The conversation moved to lighter topics as coffee and dessert were served.
“This tart is wonderful,” remarked Sarah.
“Marc really hit it,” said Lisa. “He spent one fall perfecting it. He experimented with different apples and recipes for the custards and crusts. I think I gained about five pounds while he was trying to find the perfect combination. But the final result….” She looked across the table at Marc. Ray noted the affection in her smile. He admired their joy in being a couple.
“I hate to break up the party,” said Ray. “But I’m starting to fade.”
“Understood,” said Lisa, rising from the table.
After clearing dishes, glasses, and silver to the counter and the hugs and goodbyes, Ray and Sarah walked into the cold winter evening. After Ray helped her brush the snow off her vehicle, she caught him in an embrace.
“I have someone covering for me at school. I’m not expected back at Leiston tonight. In fact, I could be gone all weekend.”
Ray pulled her close and kissed her gently. “That would be wonderful.”
Ray had barely attacked the waiting pile of paperwork when he was interrupted for the first time. Jan, his secretary, who also shared duties as the department’s receptionist, called to ask if he could be interrupted. Lynne Boyd, a local TV anchor, was here to see him. He peered at the work in front of him, and then told her to send Lynne in.

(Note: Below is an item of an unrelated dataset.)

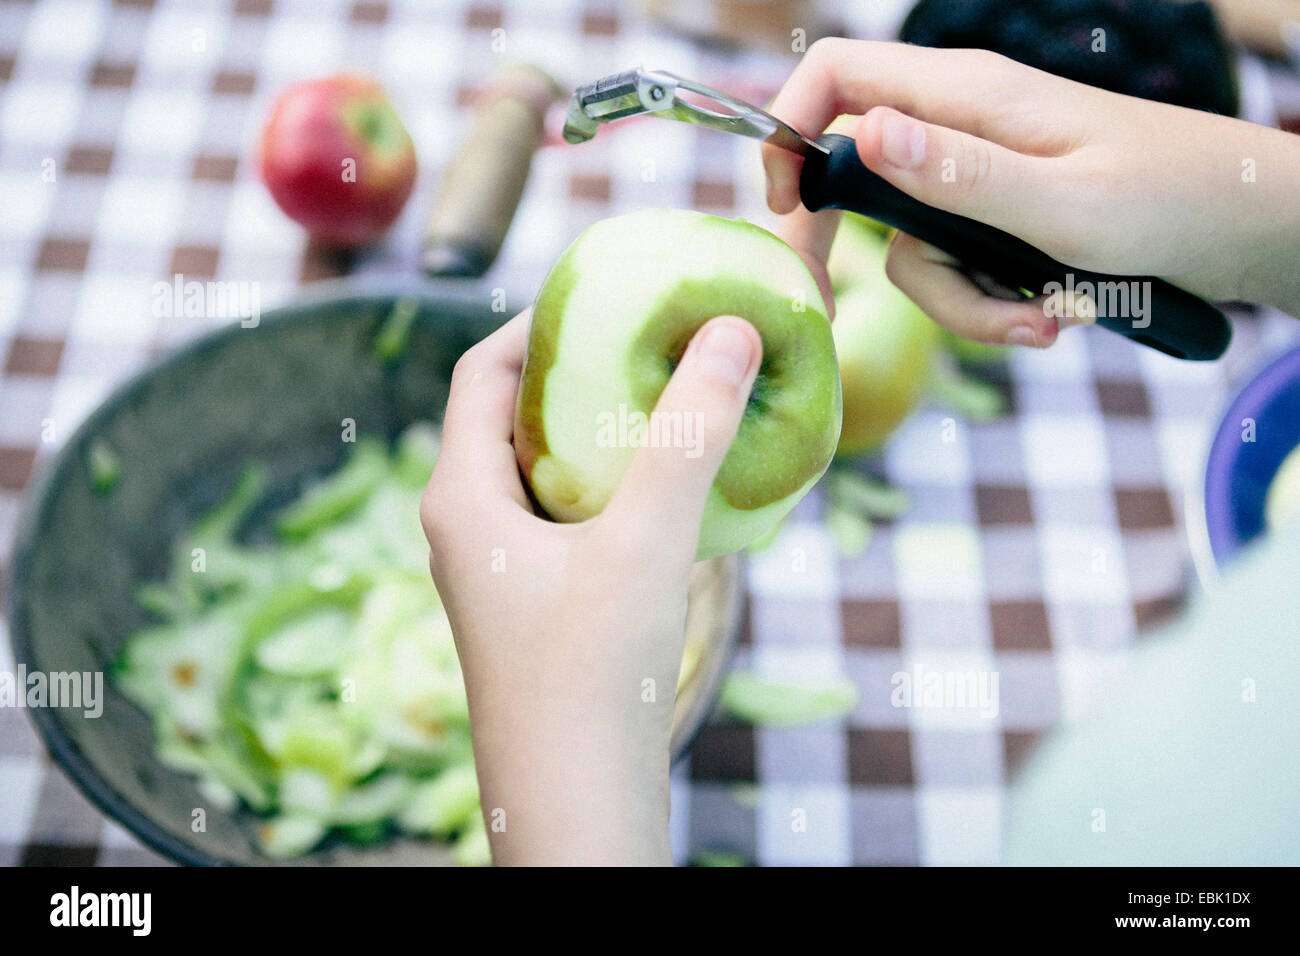 Personne peeling apple Photo Stock

Ray was always surprised when he saw Lynne Boyd face-to-face. In real life she looked quite different from the face he occasionally saw at six and eleven on the local news. Without the makeup and TV lights, Lynne was a bit less glamorous, but Ray liked her unadorned look. In person she was more animated and expressive; she used her hands, body, and face as she communicated. He always found Lynne effusive, genial, and very pleasant. “Hi, Ray,” she said, her voice warm and resonant. “Your gatekeeper said you weren’t to be disturbed.”
“Obviously you charmed your way past her. I see you’re going to be a hunting widow in a few weeks,” Ray said holding an Away From Duty form up for Lynne to see.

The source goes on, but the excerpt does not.